Closed Bug 848589 Opened 11 years ago Closed 8 years ago

Fair tryserver scheduling

Categories

(Release Engineering :: General, defect)

defect
Not set
normal

Tracking

(Not tracked)

RESOLVED WONTFIX

People

(Reporter: justin.lebar+bug, Unassigned)

Details

Tryserver turnaround times are approaching an unacceptable level.  This is hurting the ability of developers to write code and turn it around in a timely fashion.

We are quickly approaching an inflection point at which some jobs will never hit zero pending builds overnight; at this point, wait times for those jobs will increase dramatically.

I understand that there is work to increase our capacity, and I totally support this work.  But given past experience, I do not expect these capacity increases to materialize in the next few weeks and solve all our problems.  We need something now.

My suggestion is that we implement scheduling on tryserver to give users an incentive not to use too many resources on try.  I think we should use as a rough model the way operating systems schedule CPU time.  What follows is a proposal for how we could implement this.  I'm sorry it's so long.

For every job j (e.g. "linux 64 debug mochitest-1") let T(j) be the average runtime in days (*) of all green runs of j in the past week.  Let M(j, t) be the number of machines we own that are capable of running j and are idle at time t.

(*) Using the somewhat awkward unit of days for time will help a bit later on, but the units don't really matter.
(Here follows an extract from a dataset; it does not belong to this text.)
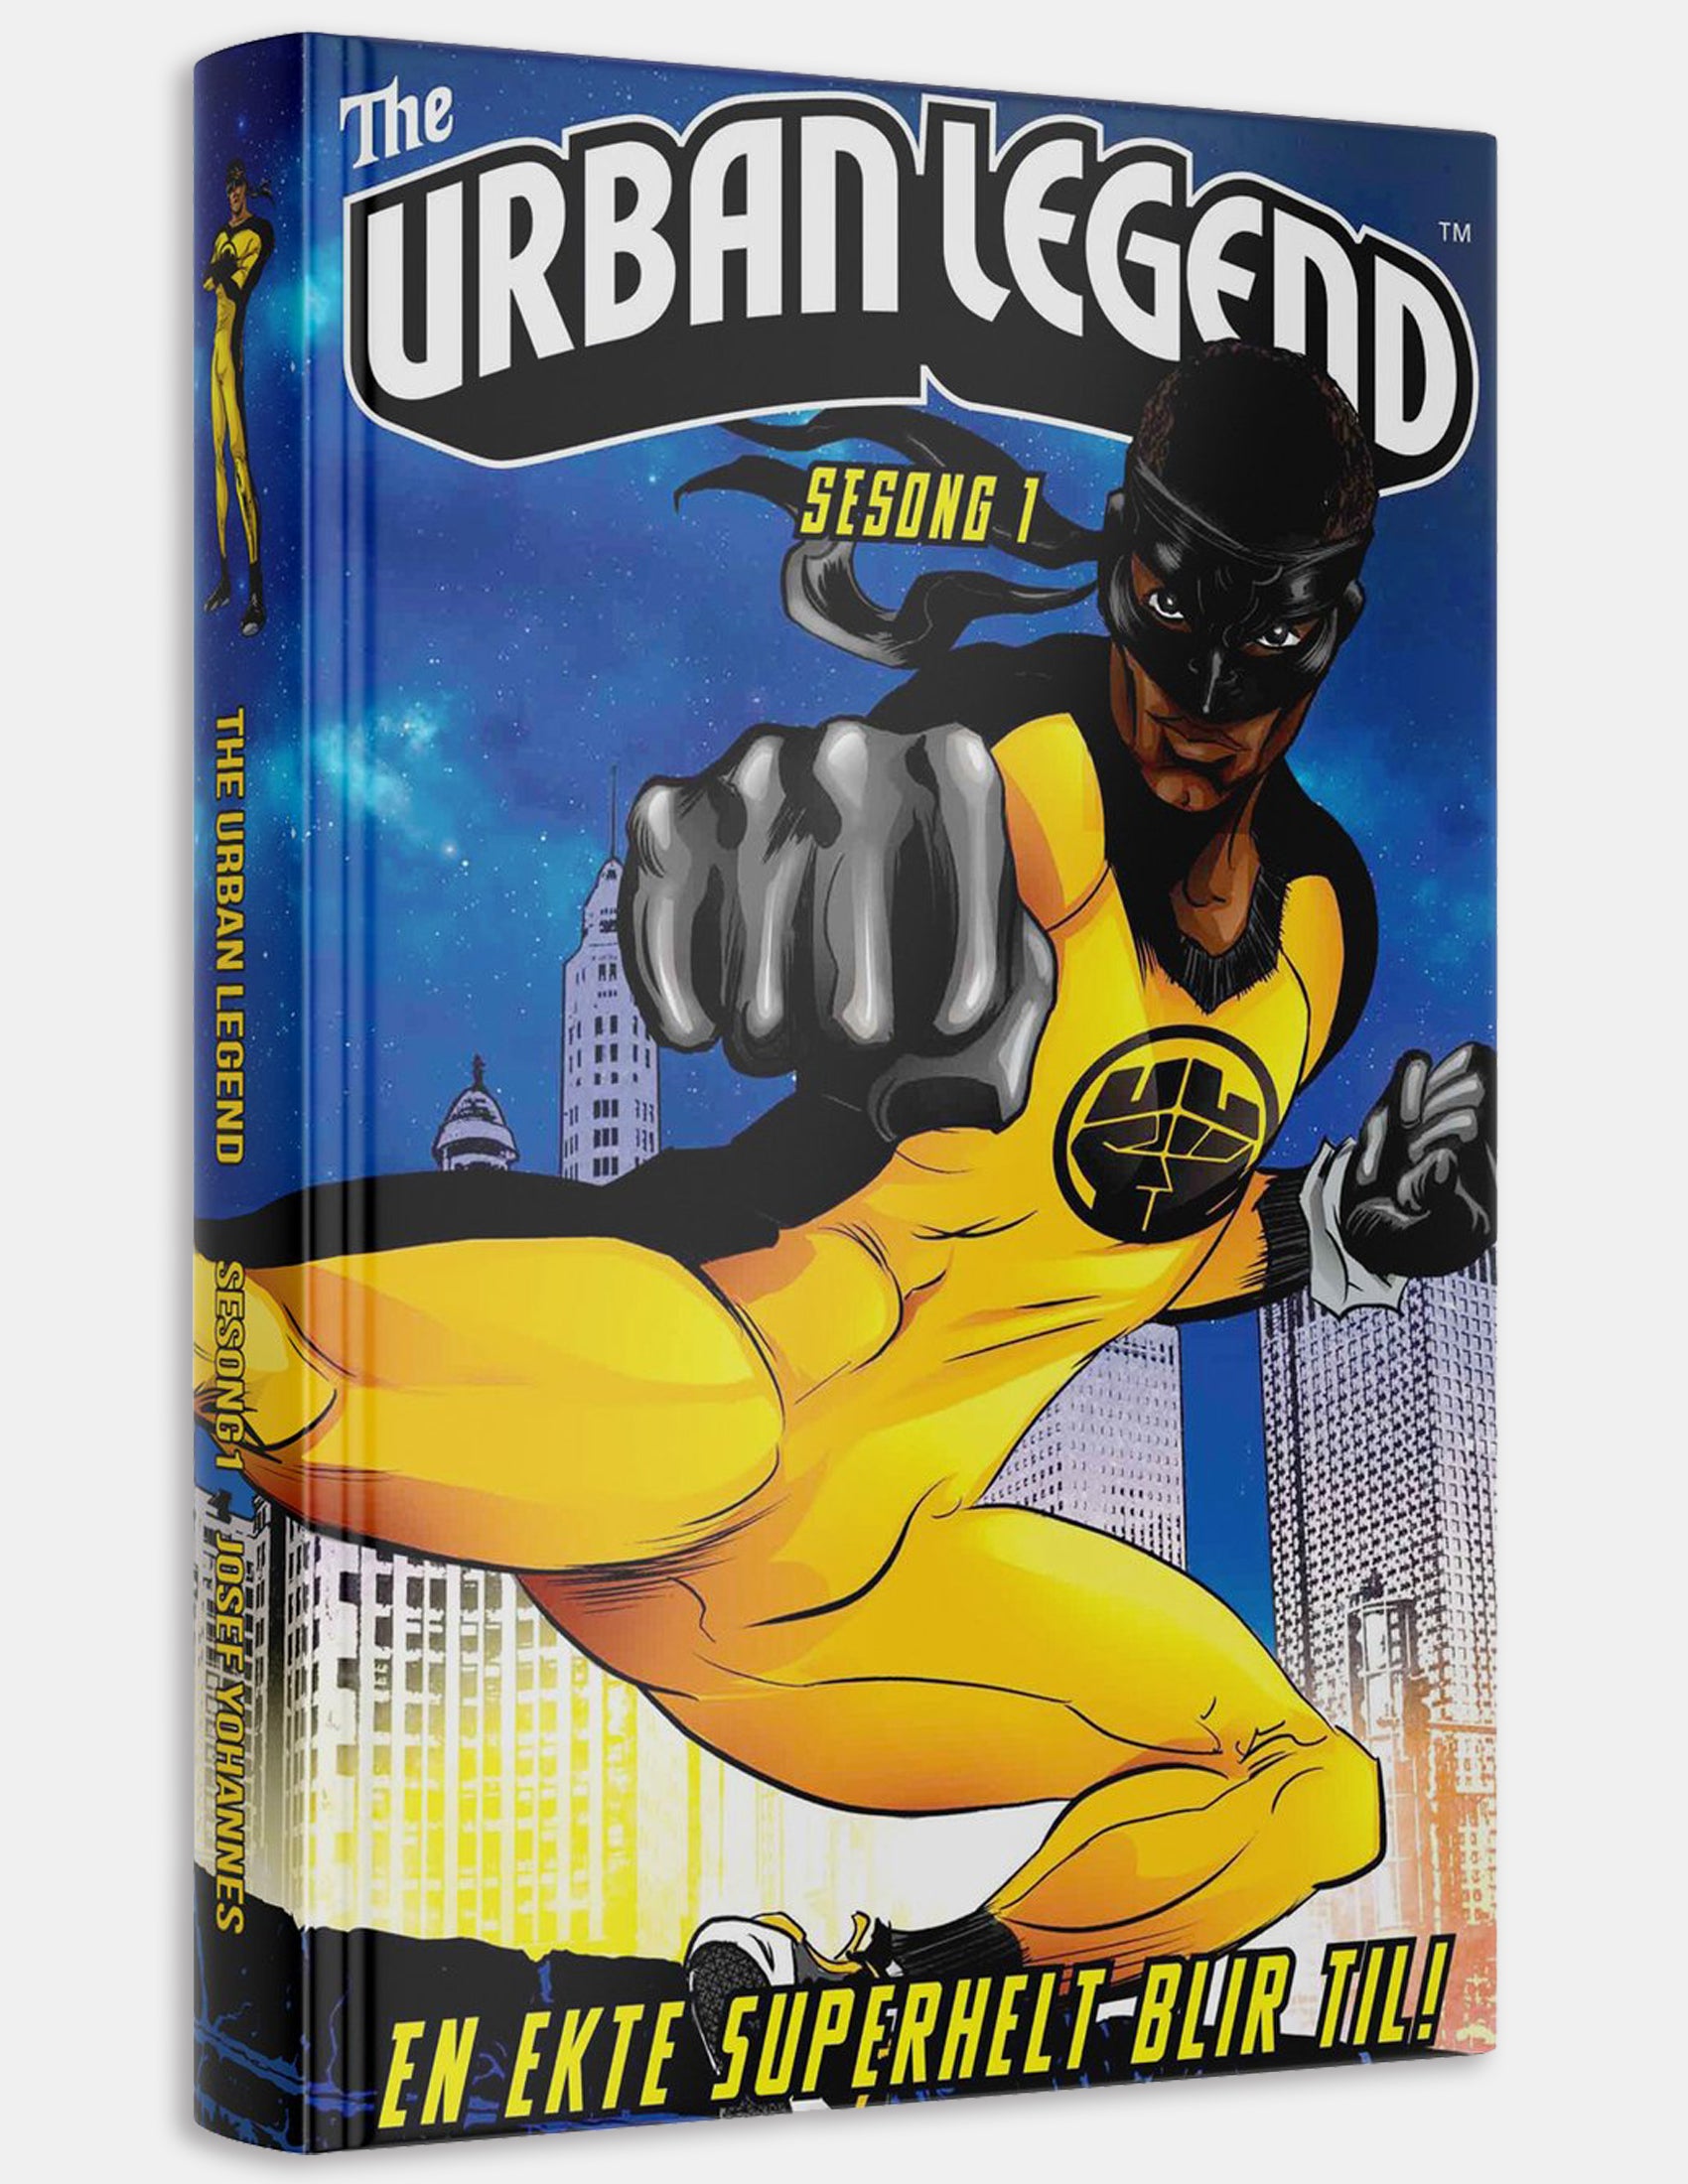 The Urban Legend - Sesong 1 - En ekte superhelt blir til! (Samlebok)

Define j's "cost" at time t, C(j, t), as

  C(j, t) = T(j) / (M(j, t) + 1).

(Perhaps we should instead define M(j) to be the number of machines we have that are capable of running job j and ignore how many machines are idle at time t.  This would penalize people for running jobs when we're under minimal load, but would get rid of the fact that C(j, t) increases dramatically if you get "sniped" and someone snatches all of our available capacity for job j right before you push to try.)

Notice that if we have arbitrarily many machines which can run j (e.g., we can run j in the cloud), then M(j, t) = infinity and C(j, t) = 0.

Each user u has an associated debt D(u) which is an exponentially-weighted sum of the cost of all the jobs she has run.  I'll explain exactly how to compute D(u) later, but let's skip to the interesting bit, which is how to schedule jobs.

Each time a job comes in that can't be satisfied using an idle machine, tryserver adds the job to a priority queue Q of pending jobs.  Each time a new machine becomes available, tryserver scans the queue and runs the first job in the queue that this machine is capable of running.  It then recomputes all the priorities in the queue (in practice, this just means recomputing the priorities of the jobs associated with the user whose job was just scheduled) and waits for the next machine to become available.

The priority queue Q is ordered in increasing order of P(j, u, t), which is computed as

  P(j, u) = D(u) + C(j, time_now())

Note that because this job is currently pending, M(j, time_now()) == 0, so in this case P(j, u) simplifies to

  P(j, u) = D(u) + T(j)  (if j is pending).

The only question remaining is, how do we compute D(u)?

Essentially if a user ran a job with cost 2 on day 1.1 and a job with cost 3 on day 1.2, we want

  D(u) = log(2 * exp(1.1y) + 3 * exp(1.2y))    (1)

for magic constant y.  Essentially instead of exponential decline in old debts over time, we have exponential growth of new debts over time (in the log scale).  These two are equivalent, except using exponential growth means that we don't have to constantly go through all the D(u)'s and make them smaller.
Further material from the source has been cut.